Joana Moll: Social criticism with digital means

On Moll's website, a tracker shows how much energy is consumed. She needed about 30 watts with a Dell laptop and Firefox browser for her book order, as recorded with a measuring device. However, the consumption depends on the devices used and also on interactions, scrolling means about additional energy consumption. For her project, she specifically documented only the most necessary steps for an order - if you had to search for a product or could not decide beforehand, it would be easy to spend five or ten times as much.

Climate friends or greenwashing?

Of course, Amazon is not the only tech group whose online processes consume energy. According to researchers, YouTube has a similar carbon footprint to a city the size of Glasgow (approximately 600,000 inhabitants) - they proposed reducing it with a leaner, more energy-efficient web design. For their earlier project "CO2GLE" Moll has calculated the CO2 emissions of Google. "Amazon is a symbol of energy consumption for me," she says. In addition, the group is the most intransparent in terms of sustainability among the big tech companies.

The artist believes that companies like Amazon and Google are posing as opponents of climate change and pioneers of renewable technologies, for a "cynical discourse". "The big tech companies are part of the problem," she says. Although the companies invest in renewable energies and want to operate climate neutral. At the same time, Amazon, for example, continues to work with companies in the oil industry, such as Shell, BP and Halliburton.

Her new project will be presented by the artist at the Disruption Network Lab conference "Collective Strategies to Expose Injustice" next Saturday in Berlin. The 37-year-old from Barcelona works with social critique of the digital world and has exposed chasms like surveillance and data-trading in her earlier works - using digital resources such as live streaming from surveillance cameras, open-source software or data brokerage data.

Dating profiles as a mass product

In her latest project, "Dating Brokers," Moll had exposed how corporations deal with users' data, more specifically: sensitive data from flirting platforms. For just 136 euros, she had ordered a million dating profiles from the company USDate, evaluated and presented anonymously in an online database.

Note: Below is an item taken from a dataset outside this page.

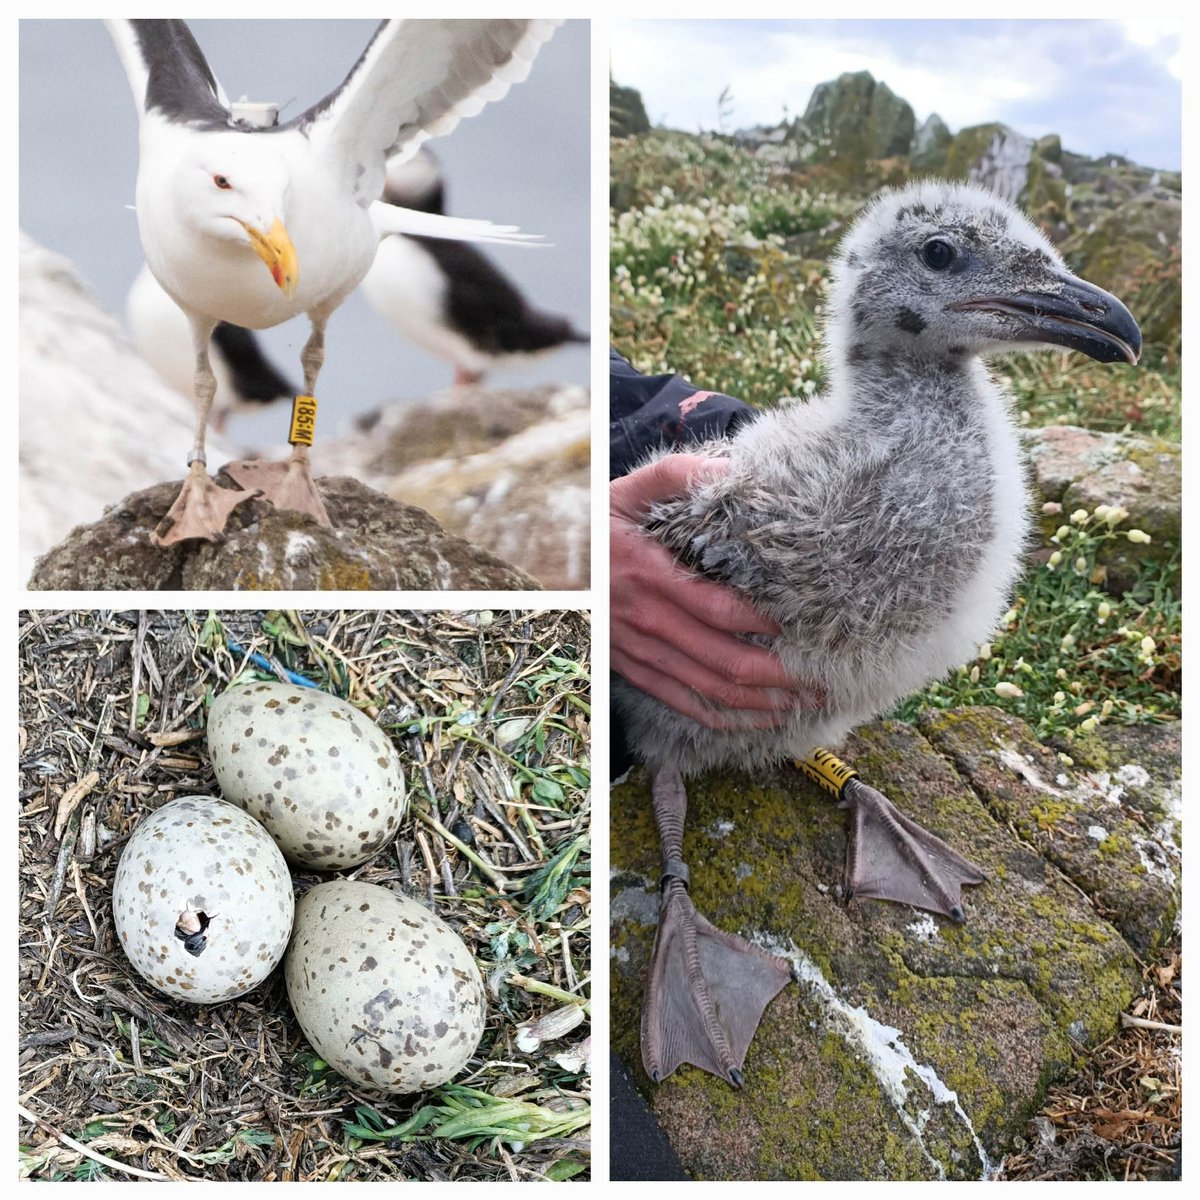 🚨New paper in @IBIS_journal!🚨 One for all the #seabirders and movement ecologists. We report negative impacts on the breeding performance of Great Black-backed Gulls from harness-mounted GPS devices. #ornithology
Link: tinyurl.com/uewjfa84

The frivolous acting platform USDate is currently reported to have 29 million "real" flirt profiles that can be categorized by origin. Names, photos, e-mail addresses, report details, preferences, gender and personal descriptions are among the data that will be delivered.

The data acquired by Moll came from their research, the popular dating platform Plenty of Fish, whose parent company Match Group in turn has dozens of other brands such as Cupid and Tinder. "The exchange and purchase of online dating profiles is common in the online dating industry," concludes Moll. "The method is often used to populate new online dating sites when they launch, but even established dating sites are constantly trading with profiles - to get new faces in their services, and thus the likelihood of matchmaking among their users increase and attract new paying subscribers. " Users are unaware that their intimate profiles and information are passed from company to company.

"I hope that I can encourage people to think so that something may change," says Moll about the goal of her digital art. "But I also know that a project alone can not do that."